The public works department also wants to know if there is any difference between pipes surveyed at different times of the year. Using the Color by option, the department can style the points using unique colors for every unique value in the specified field.

The scatter plot indicates that most of the pipe surveys occurred in April.

A scatter plot can use regression analysis to estimate the strength and direction of the relationship between dependent and independent variables. Statistical models are illustrated with a straight or curved line, depending on your selected chart statistic. The R2 value can be added to give a measure of the impact of the length of pipes on the number of leaks.

A public works department has noticed an increase in leaks on water mains. The department wants to know how much of an effect the total length of pipes has on the number of leaks versus the impact of properties of the pipes, such as age or circumference. The department also wants to know if there is a relationship between the number of leaks or length of pipes and the cost per day (including construction, maintenance and repairs, and lost resources through leaks). A scatter plot with proportional symbols can be used to plot the total number of leaks versus the total length of pipes in each zone, with the size of the points representing the cost per day.

##### Tip: Drag a number field to your page and drop it on your scatter plot to give your chart graduated symbols.

The public works department also wants to know if there is any difference between pipes surveyed at different times of the year. Using the Color by option, you can style the points using unique colors for every unique value in the specified field.

The scatter plot indicates that most of the pipe surveys occurred in April.

## Create a scatter plot

To create a scatter plot, complete the following steps:

1. Select two number or rate/ratio fields.
##### Tip:

You can search for fields using the search bar in the data pane.

2. Create the scatter plot using the following steps:
1. Drag the selected fields to a new card.
2. Hover over the Chart drop zone.
3. Drop the selected fields on Scatter Plot.
##### Tip:

You can also create charts using the Chart menu above the data pane or the Visualization type button on an existing card. For the Chart menu, only charts that are compatible with your data selection will be enabled. For the Visualization type menu, only compatible visualizations (including maps, charts, or tables) will be displayed.

Scatter plots can also be created using View Scatter Plot, which is accessed by clicking the Action button under Find answers > How is it related.

## Usage notes

The Legend button opens the Layer options pane. The Layer options pane contains the following functions:

• The Legend tab displays the symbols and values on your chart. To change the color associated with a value, click the symbol and choose a color from the palette or enter a hex value (available when a Color by variable is applied). The Pop out legend button displays the legend as a separate card on your page. The legend can be used to make selections on the chart.
• The Style tab is used to change the symbol size, symbol color (single symbol only), outline thickness, and outline color on the chart.

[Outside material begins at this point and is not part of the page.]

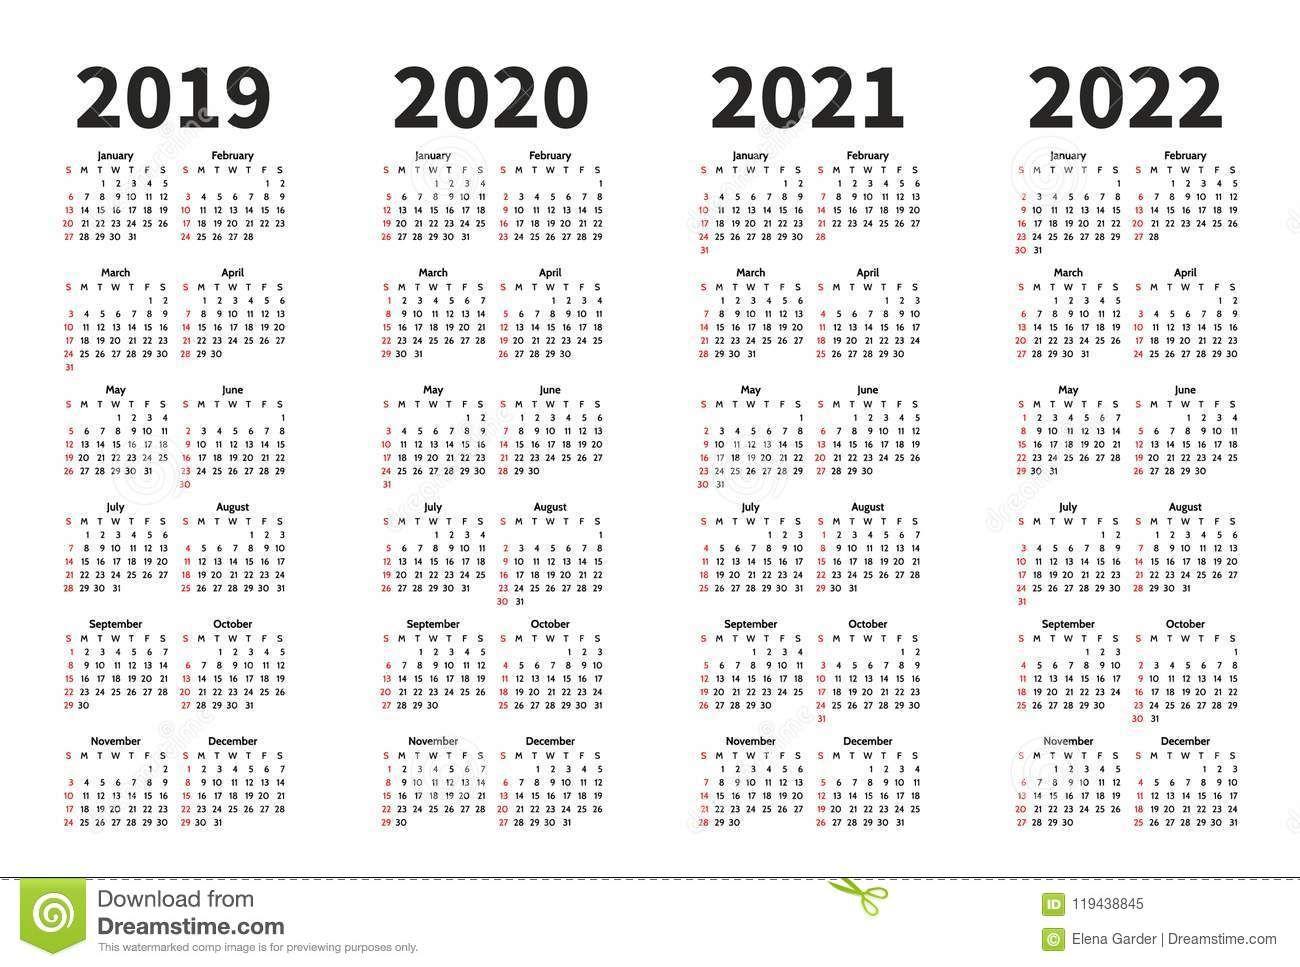 Calendar O Molde Do Projeto De Um Vetor De 2019 2020 2021 E 2022 Anos Estilo Simples Do Minimalizm A S Calendários Imprimíveis Molde Calendario Para Imprimir

You can add a line of best fit to the scatter plot using the Chart Statistics button . The line of best fit can be Linear, Exponential, or Polynomial. The equation of the line of best fit and the R2 value will also be displayed on the chart.

StatisticDescription

Linear

Linear regression attempts to fit a straight line through a set of values so that the distances between the values and the fitted line are as small as possible. A positively sloped line (from lower left to upper right of the chart) indicates a positive linear relationship. Positive relationships mean that values increase together. A negatively sloped line indicates a negative linear relationship. A negative relationship means that one value decreases as another increases. Goodness of fit measures, such as R2, can be used to quantify the relationship. The closer to 1, the stronger the relationship is.

Exponential

This calculates an exponential (upward) curve of best fit to model a nonlinear relationship in your data (R2 for linear regression at 0 or close to 0).

Polynomial

This calculates a curve of best fit for a nonlinear relationship in your data (R2 for linear regression at 0 or close to 0). A second-degree polynomial equation is used for the calculation by default. You can change the equation to a third- or fourth-degree polynomial equation.

You can add a third number or rate/ratio variable to your scatter plot by selecting a field in the data pane and dragging it to the existing scatter plot card. The result will be a scatter plot with proportional symbols, where the size of the points represents the magnitude of the data from the third variable.

Use the Flip Fields button to switch the variables on the x- and y-axis.

Use the Visualization type button to switch directly between a scatter plot and a summary table.

Click the x- or y-axis to change the scale between Linear and Log.